Lack of association between ACE ID polymorphism and colorectal cancer in Romanian patients
M. Toma, D. Cimponeriu, P. Apostol, M. Stavarachi, M. Cojocaru, I. Radu, L. Gavrilã, L. Belusicã, A-M. CrãciunOriginal article, no. 5, 2009
* Human Genetics Department, Institute of Genetics
* Surgical Departament, Cantacuzino Hospital, Bucharest, Romania
* N. Paulescu Institute, Bucharest, Romania
Introduction
The renin-angiotensin-aldosteron system (RAAS) is an endocrine and paracrine system involved in cell proliferation and apoptosis, immune response, extracellular matrix formation, hemodynamics and angiogenesis. It seems also to be involved in the development or progression of some malignancies (1,2) including gastric (3), colorectal (4,5), breast (6), prostate (7) and endometrial (8) cancers. Several clinical trials and experiments on animal models showed that pharmacological inhibitors of this system have the potential to significantly reduce the cancer risk and the rate of tumor growth and metastases (9,10,11).

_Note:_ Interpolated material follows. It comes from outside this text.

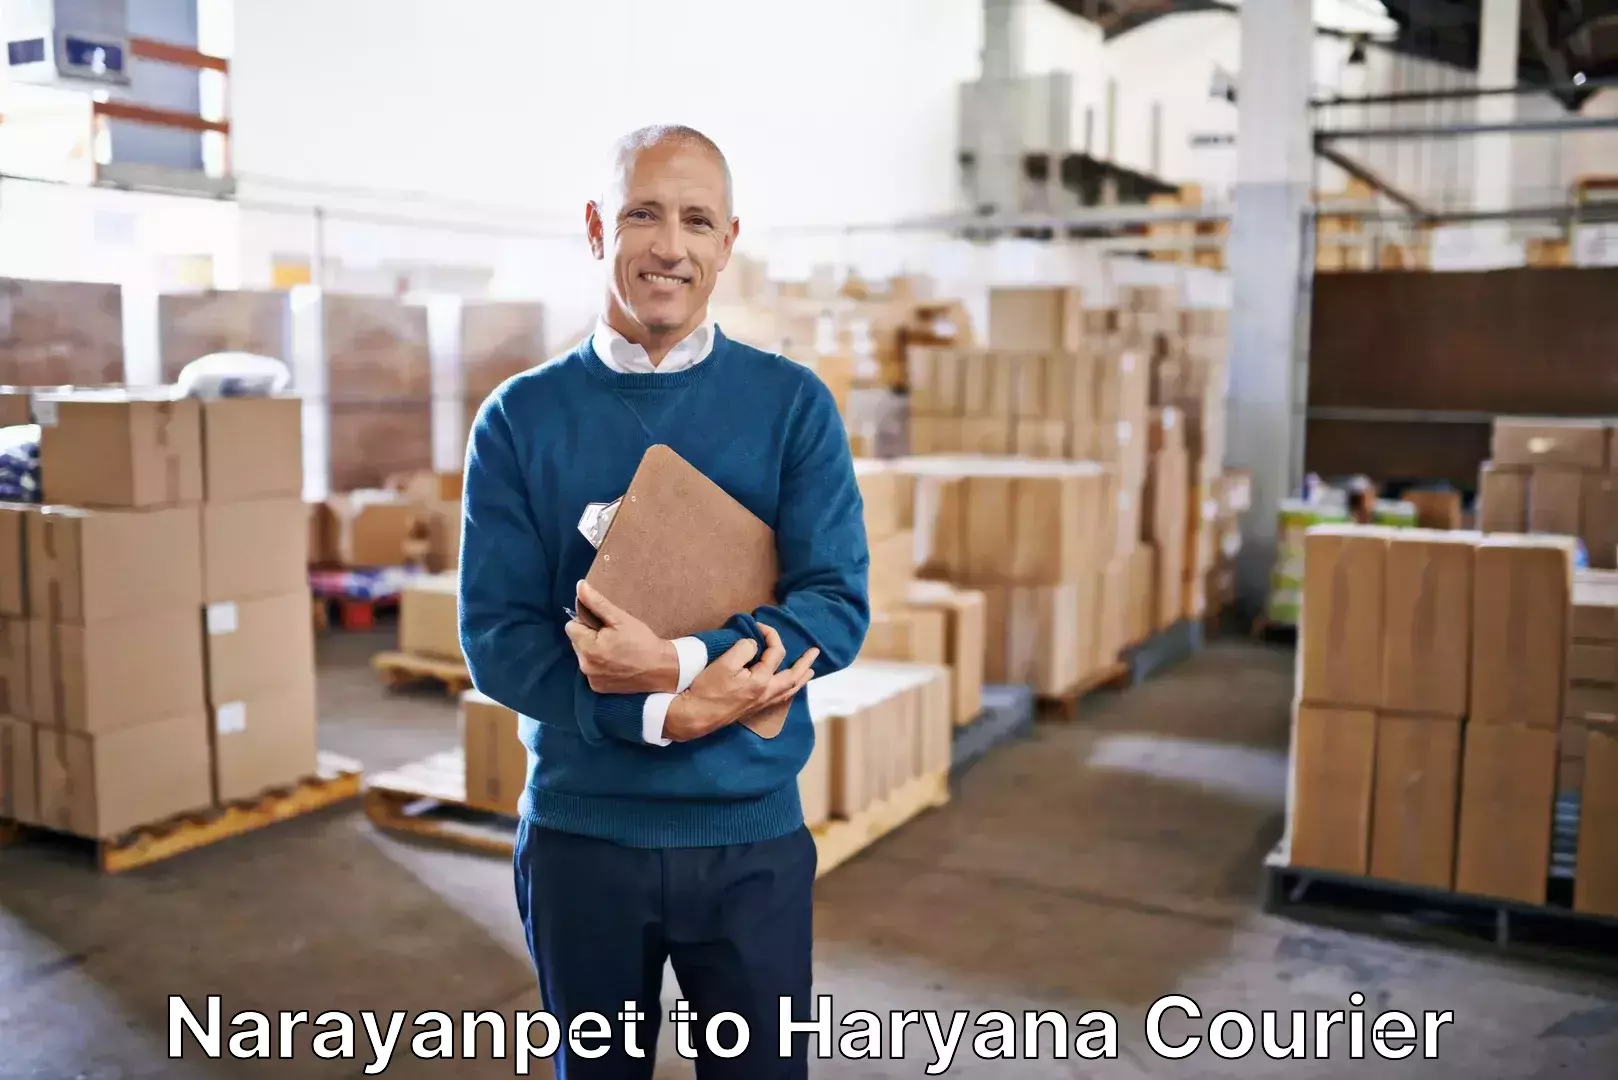 Luggage shipment specialists Narayanpet to Chirya

The angiotensin I-converting enzyme (ACE), which is a cell surface zinc metallopeptidase plays an important role in the RAAS. The ACE is the rate-limiting enzyme in the conversion of angiotensin I to the powerful vasoconstrictor angiotensin II and also inactivates the bradykinin, substance P and enkephalins. The inter-individual variability of plasma circulating level of ACE was correlated with the insertion/deletion (ACE ID) of a 287-bp Alu repeat in intron 16 of the gene. The individuals who are homozygous for the insertion (II) have lower plasma level than those homozygous for deletion (DD), while ID carriers present an intermediate level (12).

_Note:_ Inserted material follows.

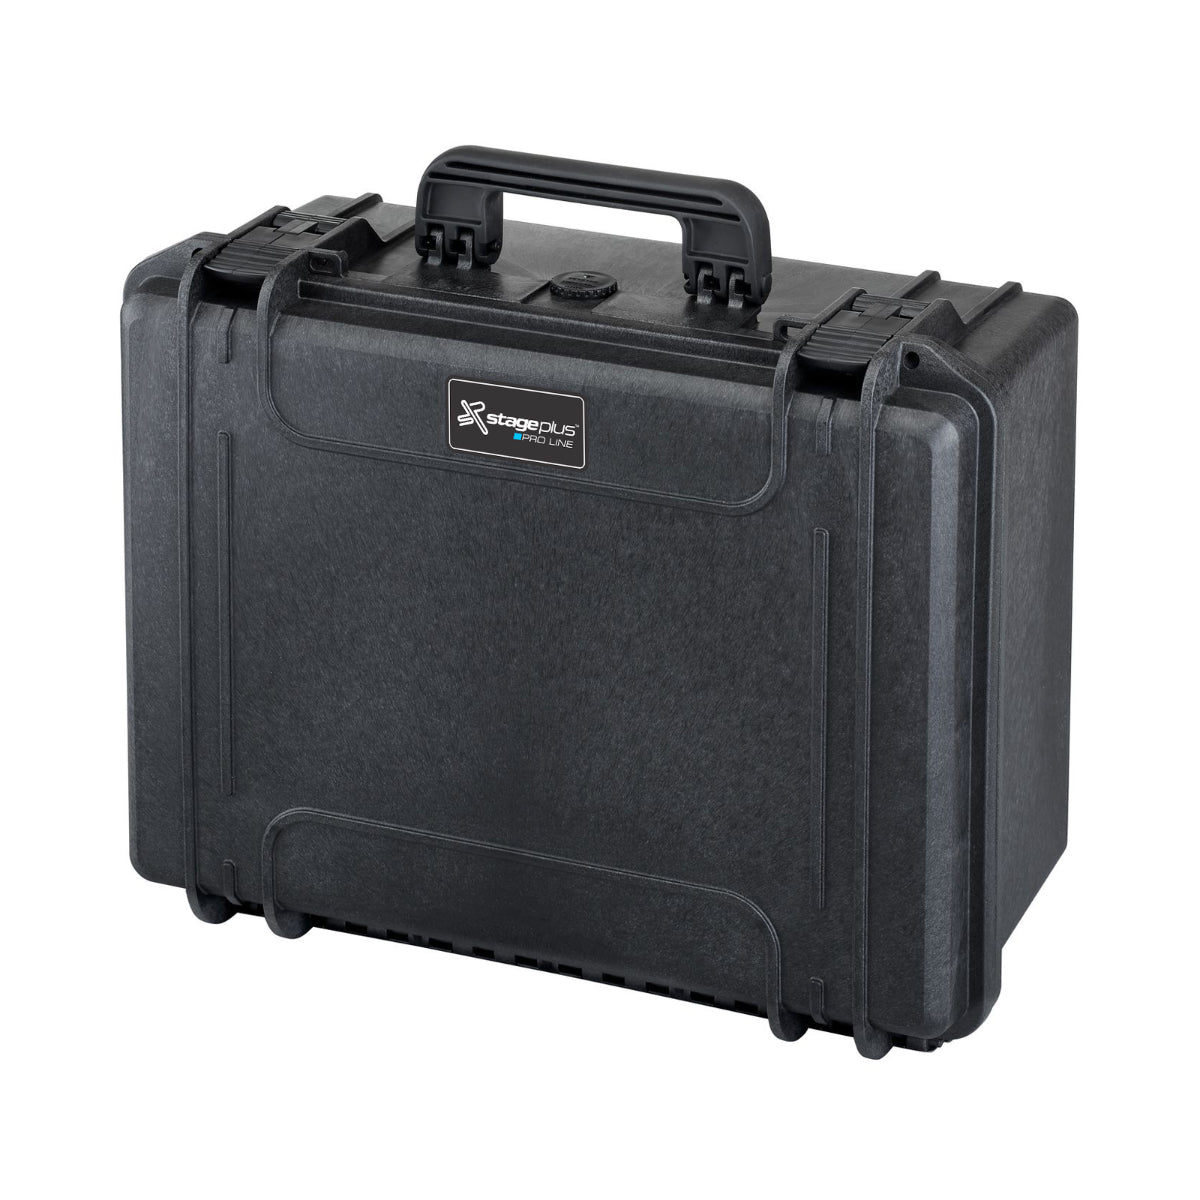 SP PRO 465H220S Black Carry Case, Cubed Foam, ID: L465xW335xH220mm

The goal of this study was to analyze the possible association between ACE gene I/D polymorphism and colorectal cancer in a group of Romanian patients.
Materials and methods
Subjects
Between January 2007 and June 2008, blood samples from 108 patients (M:F=64:44) diagnosed with CRC were collected at Cantacuzino Hospital, Bucharest, Romania. Healthy individuals (M:W=84:66) without known family history of malignancies and were selected from healthy persons who attended N. Paulescu Institute (Bucharest) for routine analysis. They were matched for age (63.3±4.5 in cases and 62.3±3.8 in control group) and sex (men vs. women was 64:44 in cases and 84:66 in control). We obtained medical information regarding cancer type, tumor location and clinical evolution for each patient. The CRC was localized in the left (60.9%) or right (15.3%) colon and in rectum (23.8%). This study was approved by the Research Ethics Committee of N. Paulescu Institute. Five ml of blood were collected in a tube containing EDTA after informed consent was obtained from all participants. DNA was extracted from peripheral blood leukocytes using the commercial extraction kit (Wizard Genomic DNA Purification Kit, Promega) according to the manufacturer’s protocol.
Genotyping
The ACE ID gene polymorphism was detected by PCR as described elsewhere (13). Briefly, about 60 ng DNA were amplified in a final volume of 10 mL, containing 1×PCR buffer, 1.5 mmol/L MgCl2, 1 unit Taq DNA polymerase, 100 mmol/L dNTP, and 0.5 mmol/L of each primer (F 5- CTG GAG ACC ACT CCC ATC CTT TCT -3’ and R 5’- GAT GTG GCC ATC ACA TTC GTC AGA T -3’). PCR program consisted in an initial melting step of 2 min at 94°C, followed by 35 cycles of 1 min at 94°C, 1 min at 58°C, and 1 min at 72°C; and a final elongation step of 2 min at 72°C (Corbett research thermocycler). Amplicons were electrophoresed on agarose gel (2%, TBE 1X, 5V / cm). The gel was visualized using Bio-Imaging System after ethidium bromide staining (Fig. 1).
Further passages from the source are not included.